Monday, December 5, 2011
Piston Singles Buyer’s Guide 2012
Which aircraft is best for you?
The Warrior is Piper's entry-level trainer, a 160 hp model with flight characteristics that redefine the term "benign." The basic PA-28 Cherokee 150 was modified in 1974 to adopt a semi-tapered wing and the existing relatively bulletproof Lycoming O-320 engine, rated for 150 hp. That airplane lasted only four years in original form, before power was upgraded to 160 hp on the same engine, resulting in the PA-28-161 Warrior. The airplane's stall is so slow and gentle, it's almost nonexistent. Some instructors even criticize the Warrior for being too gentle. Cruise is 120 knots, and approaches are so slow, the airplane can easily sneak in and out of 1,500-foot strips. Price: $289,900.
Piper Archer LX
Piper Archer LX
Second in the Piper hierarchy is the Archer. It flies behind a 180 hp Lycoming and carries four folks if you're willing to leave some fuel behind. With gear and prop fixed, the Archer works well as a trainer or a 2+2 family traveling machine. Cruise is a few knots quicker than the Warrior, and with 48 gallons aboard, you can plan on cross-country flights out to nearly 500 nm. Combine that with perhaps the easiest landing characteristics in the industry, and you can understand why the basic PA-28-180/181 has been around for nearly 50 years. Price: $309,900.
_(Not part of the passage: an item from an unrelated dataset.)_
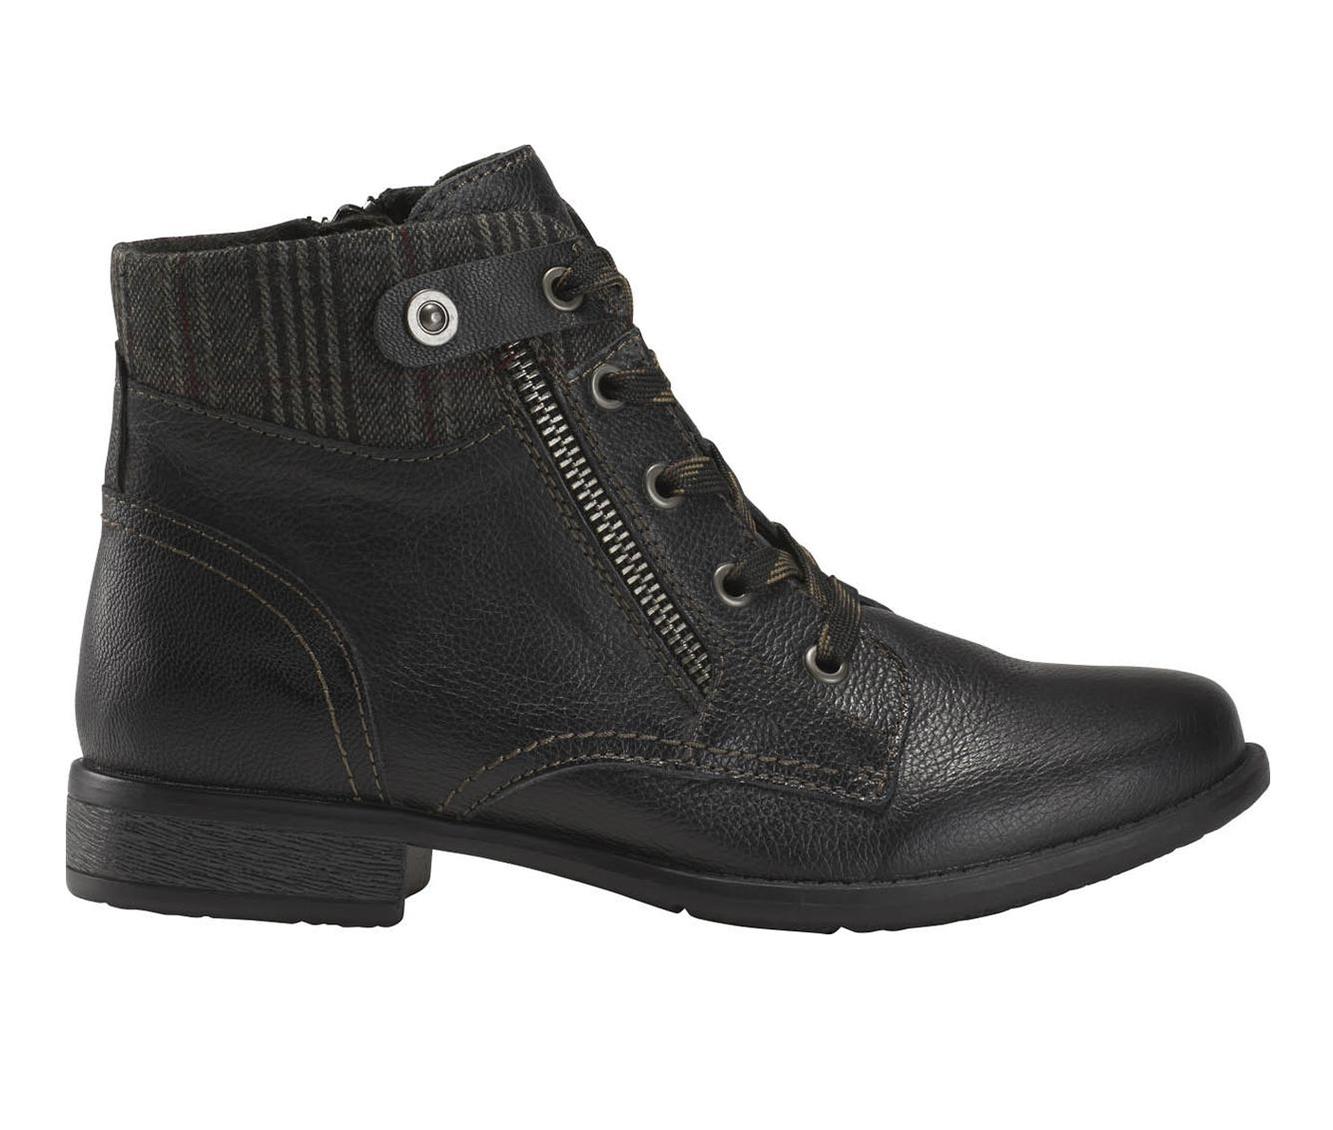 Earth Origins Navigate Nesta Women's Boots (Black - Leather)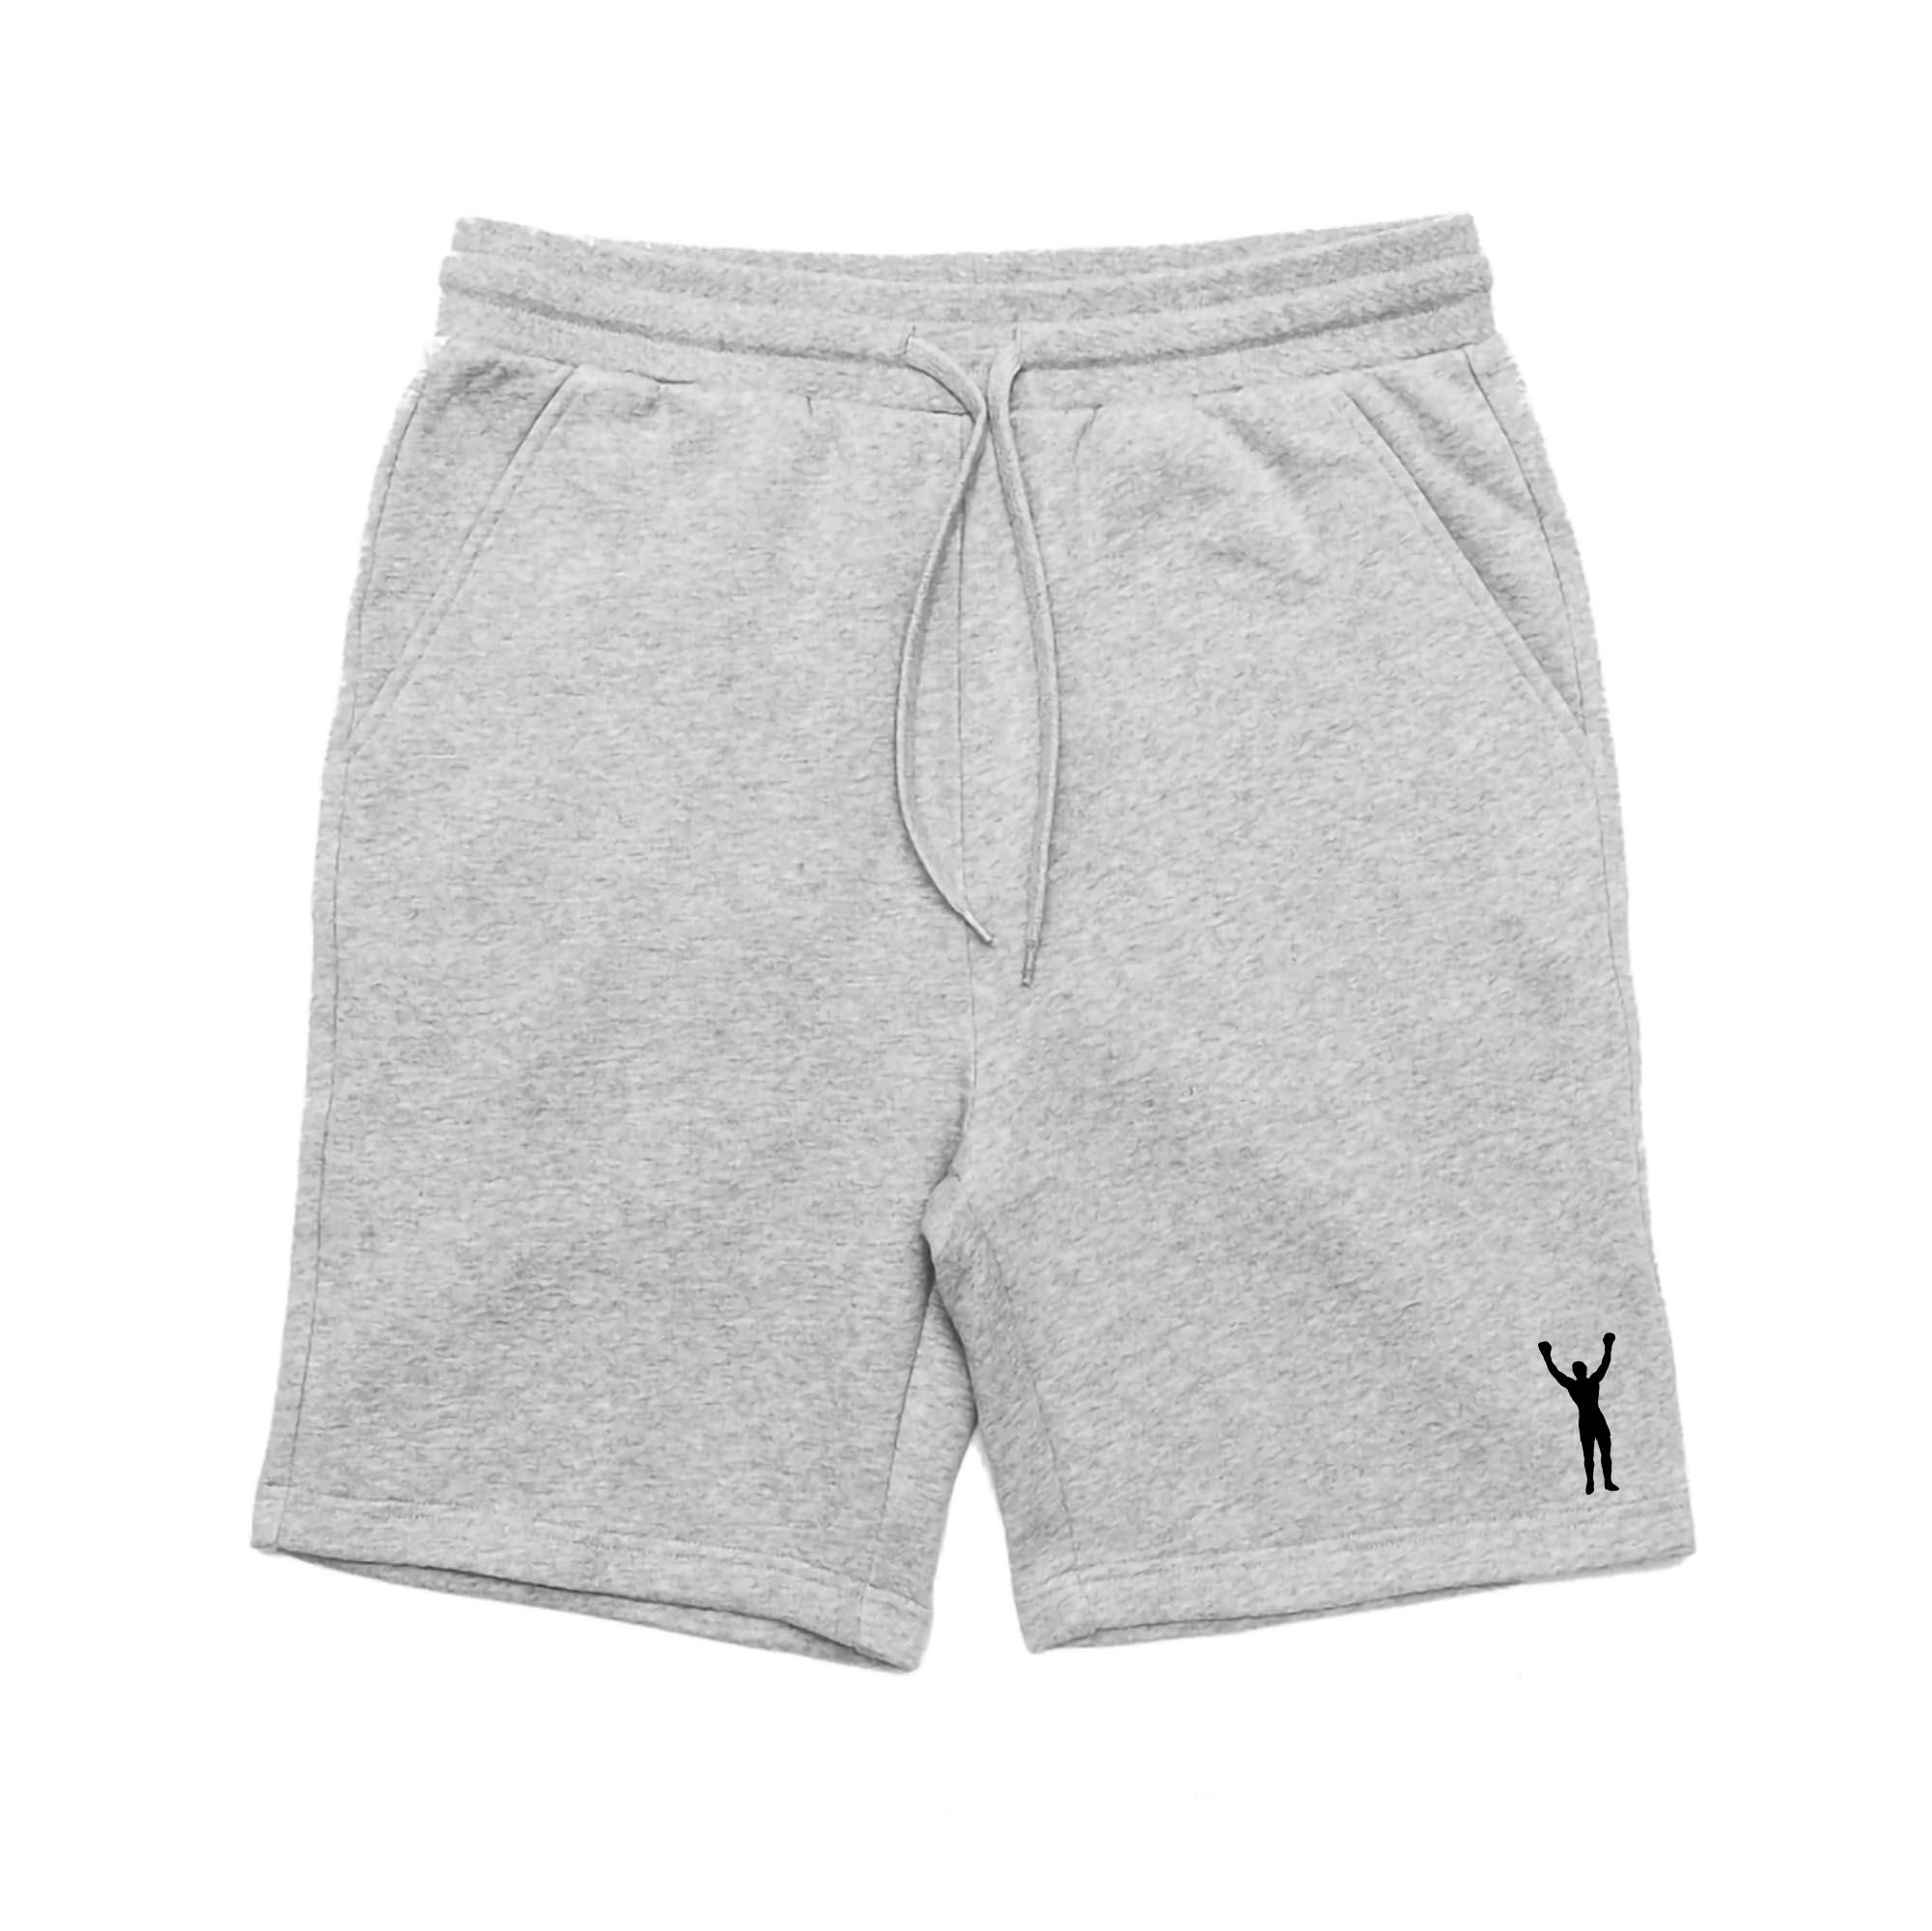 Rocky Statue Grey Shorts

From its inception in the mid-'60s, the Arrow was always intended as the simplest retractable in the sky. (The first ones even featured an automatic gear-extension system, long since disabled following the inevitable lawsuit.) Today, the Arrow remains the only basic retractable, now that Mooney has become a question mark. The 2012 Arrow retains essentially the same durable 200 hp injected engine as that used on the early models, the same relatively bulletproof gear system and the gentle handling of the fixed-gear Archer. Count on a reasonable 140 knots in cruise, though not many flight schools will care much about that parameter in training mode. Price: $399,000.
In late 2007, the Vero Beach company introduced the unpressurized Mirage, called the Matrix. In every sense, the Matrix was a Mirage without all the pumps, valves and other hardware necessary to inflate the cabin. The result was a resounding sales winner with virtually identical performance. Perhaps more than coincidentally, all the plumbing that was left out totaled 170 pounds, so the Matrix wound up with a pilot and three-passenger full-fuel payload rather than the Mirage's more typical one-plus-two limitation. The Matrix still succeeds in outselling all other Piper products. Price: $869,000.
Piper's original 1984 Malibu was such a world-beater that it blew the only competition, the Cessna P210N, completely out of the market for that year. (Cessna came back in 1985 with the considerably improved P210R, only to go out of production with all other piston Cessnas in 1986.) Today, the 350 hp, Lycoming-powered Mirage is the only pressurized, piston single on the market, and it's still the airplane of choice for many businessmen/pilots. Typically operated at 15,000 to 22,000 feet, the Mirage can provide 210 knots max cruise for a pilot and two passengers out to 1,000 nm, or a full load of people and stuff on 500-mile legs. Price: $997,500.